Голоса, произнесшего слова, каких я никогда ранее не слышал.
— Прости. День сегодня… то моргаю, то умываюсь! Вот теперь чуть тебя не зашиб…
Как ни странно, он меня понял.
Сверкнул белозубой улыбкой, плеснул сапфировой влагой взгляда.
Не будь я Индрой, он, наверное, потрепал бы меня по плечу.
— Пощечина от Сокрушителя Твердынь дороже золотого браслета, подаренного любым из Локапал! Что браслет?! Зато ласка гневной десницы Владыки способна даровать миры блаженных самому последнему чандале-неприкасаемому!
— Льстец, — оттаивая, буркнул я. — Подхалим, пахнущий конюшней. Ладно, езжай… а на Поле Куру прокатимся. Только пополудни. Договорились?
Я еще долго стоял, провожая взглядом несущуюся Джайтру: буланое пламя распласталось в мгновенном рывке, хлопнул от ласки ветра стяг, рея над Матали — ах, как он привстал, сута, сутин сын, на площадке с бичом в руках! — и россыпь искр разлетелась вдребезги на гладких камнях дороги.

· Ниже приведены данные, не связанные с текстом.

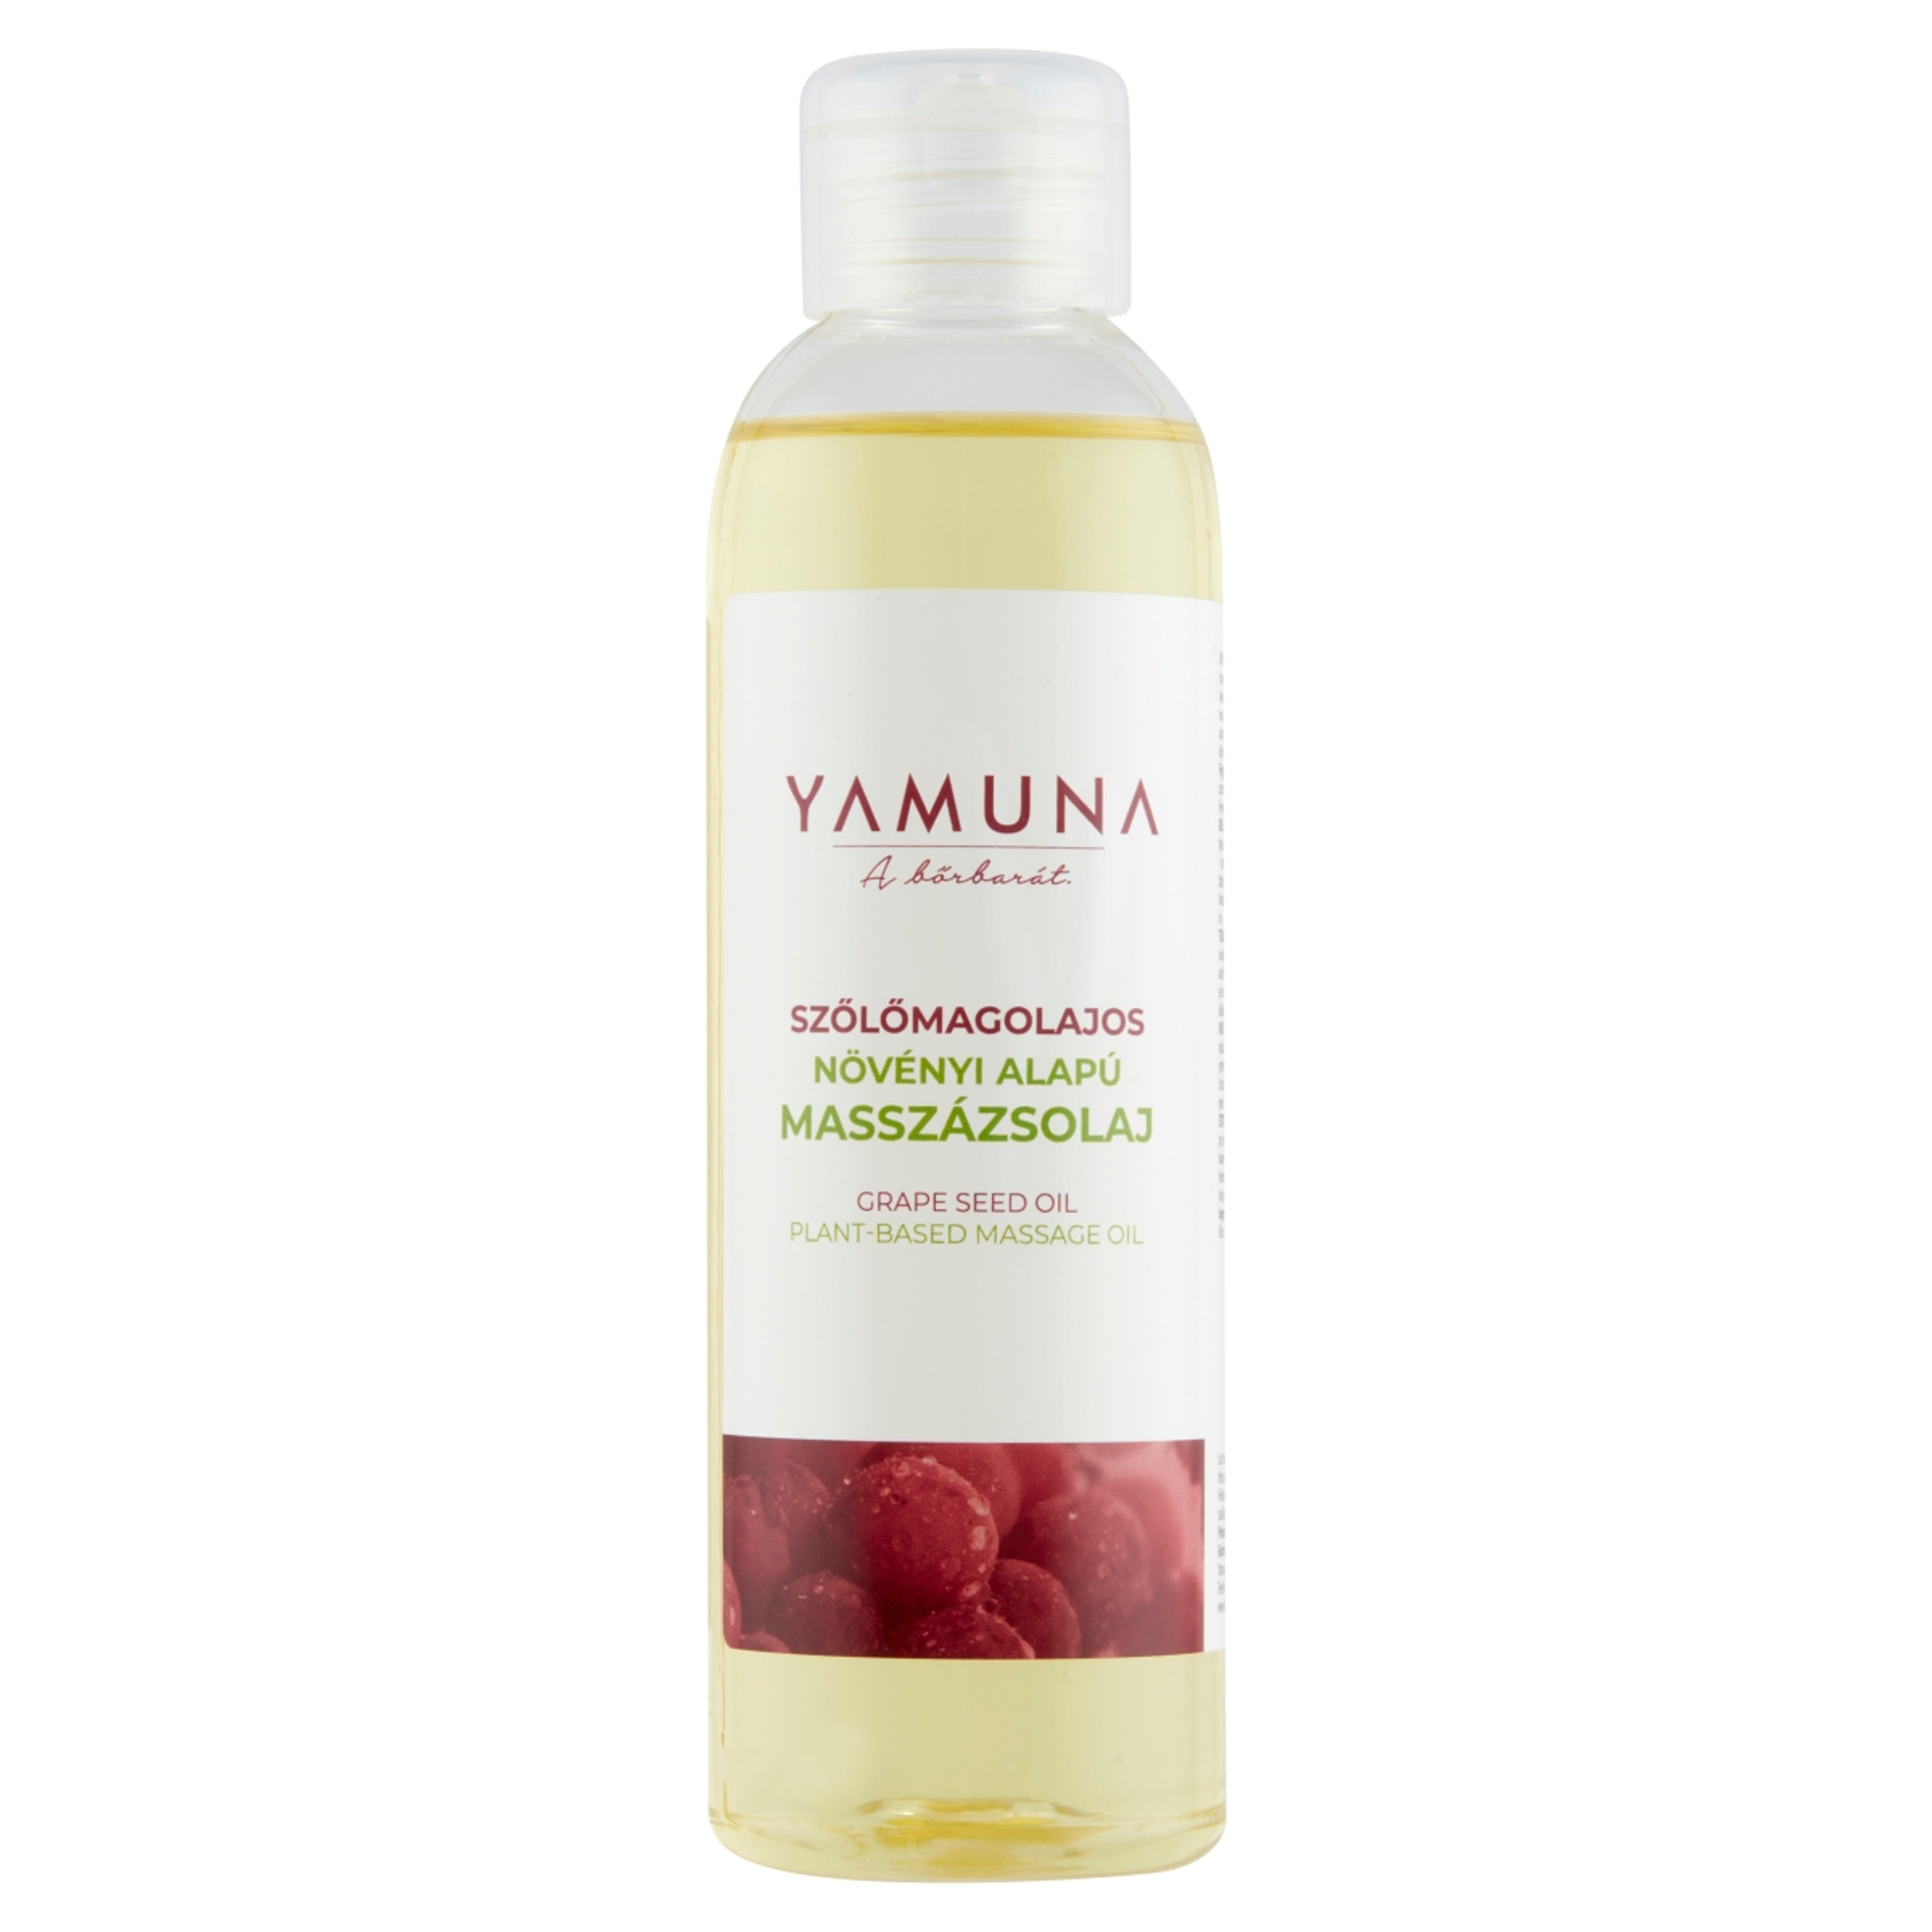 Yamuna szőlőmagos masszázsolaj - 250 ml-1

Россыпь медленно гаснущих искр.
Так же медленно, неохотно, засыпал во мне чужак, баюкая зародыш плохо предсказуемого гнева, способного прорваться в мое сознание с легкостью молнии, пронизывающей громады туч.
Брихас, Повелитель Слов, родовой жрец Индры — что же ты скрывал там, у балкончика, от своего Владыки?
Кроме того, никак не вспоминалось: действительно ли я вчера приказал Матали готовить колесницу для ранней поездки на Поле Куру?!
Налетевший порыв ветра растрепал мне волосы, принеся от казарм взрыв здорового мужского хохота — небось кому-то из дружинников сейчас крепко досталось! — и я опомнился.
Негоже Владыке стоять столбом поперек дороги (тьфу ты, чуть не подумал — столбовой дороги!) и хлопать ресницами. Особенно когда ни то ни другое ему не положено. Это Шива у нас Столпник, как прозвали грозного Разрушителя упыри из его замечательной свиты — прозвали якобы за высочайший аскетизм, а на самом деле за некую часть тела, которая у сурового Шивы и впрямь столбом стоит с утра до вечера, а потом с вечера до утра!
Еще и веселятся на своих кладбищенских посиделках: «Милость Шивы — это вам не лингам собачий!» И уж совсем от смеху корчатся, когда кто-нибудь из свежих покойничков интересуется: что означает на жаргоне пишачей этот самый лингам?
Им, упырям, хорошо: хочешь — моргай, не хочешь — не моргай…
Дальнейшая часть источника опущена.